The Safe-Default Design

Both mechanisms share a design philosophy: default to the more restrictive state.

For undercover mode, repo classification runs async at startup. If it hasn't resolved yet, the state is ON. The first prompt in any session always runs undercover. Only after the async check completes and confirms an internal repo does the restriction lift, for that session only.

For anti-distillation, the whole subsystem is compiled out of external builds entirely. Every isUndercover() callsite is gated with process.env.USER_TYPE === 'ant', which is a Bun --define constant set at build time. In external builds it becomes "external" === 'ant' (always false), and the bundler eliminates every ant-only branch. The undercover subsystem is literally absent from the binary shipped to public users.

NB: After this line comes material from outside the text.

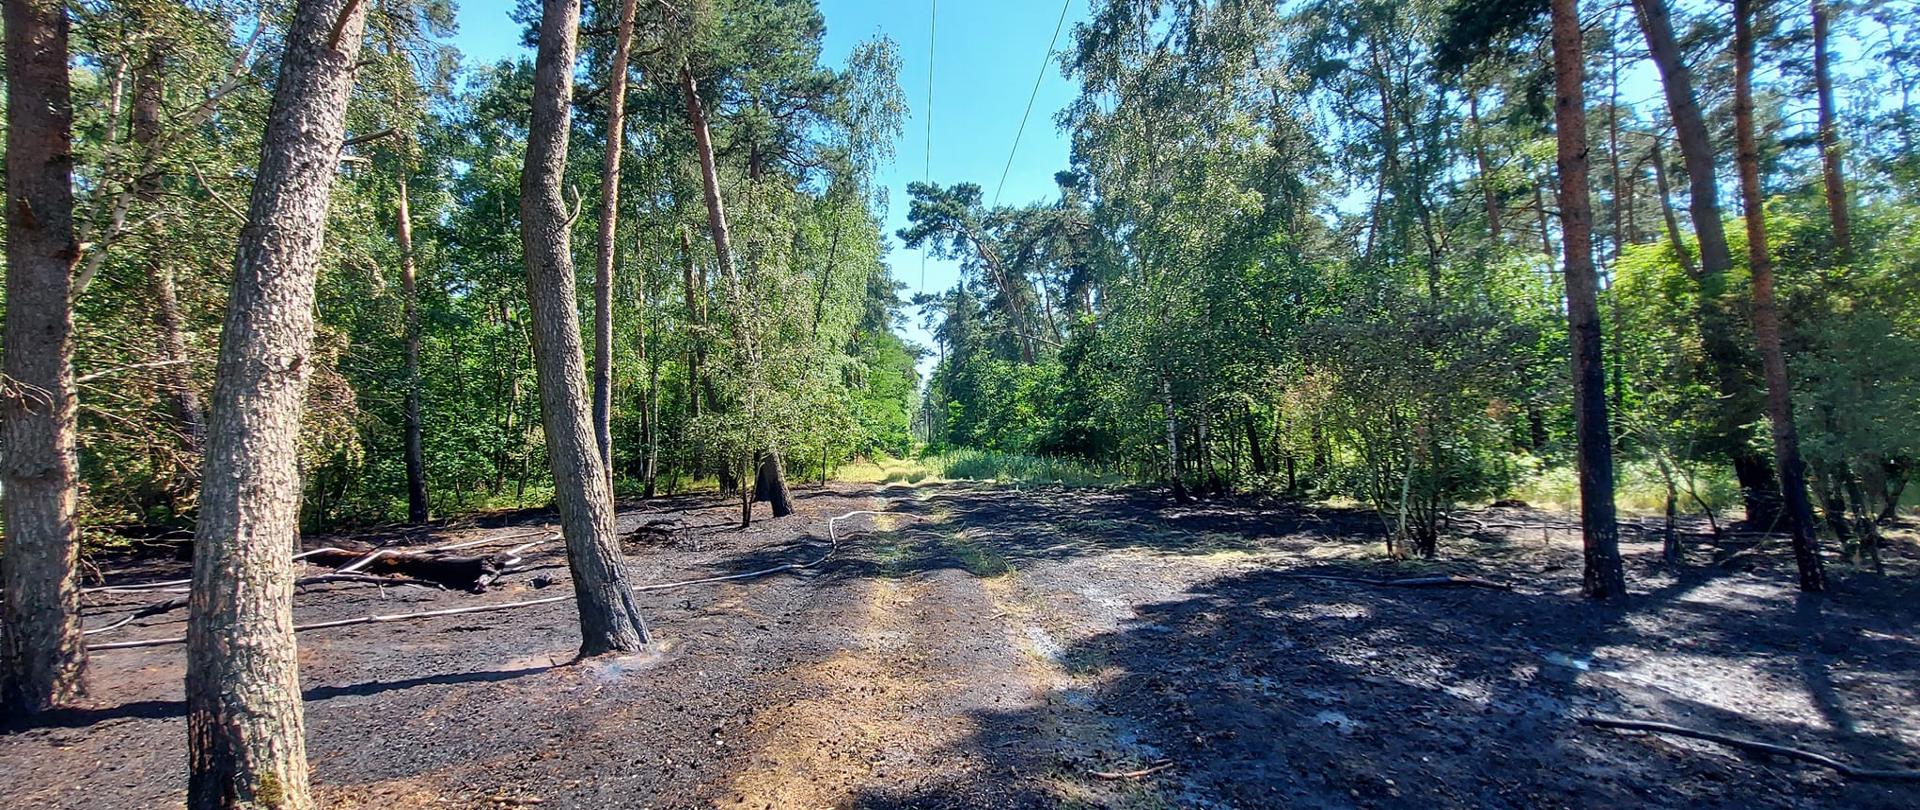 Widać spalone poszycie leśne, w pobliżu są drzewa

It's a clean separation. The code ships in one form for Anthropic employees and a fundamentally different form for everyone else. Not a feature flag at runtime, but a different binary.

The Takeaway

Both mechanisms are invisible in normal use. Anti-distillation only affects adversaries capturing API traffic. Undercover mode only activates for Anthropic employees working on public repos. For the rest of us, neither exists.

But they're a useful window into the threat model Anthropic is actually engineering against: capability theft through traffic capture, and internal information leakage through AI-assisted commits. Mundane threats for a company shipping AI tools at scale, handled in unusually creative ways.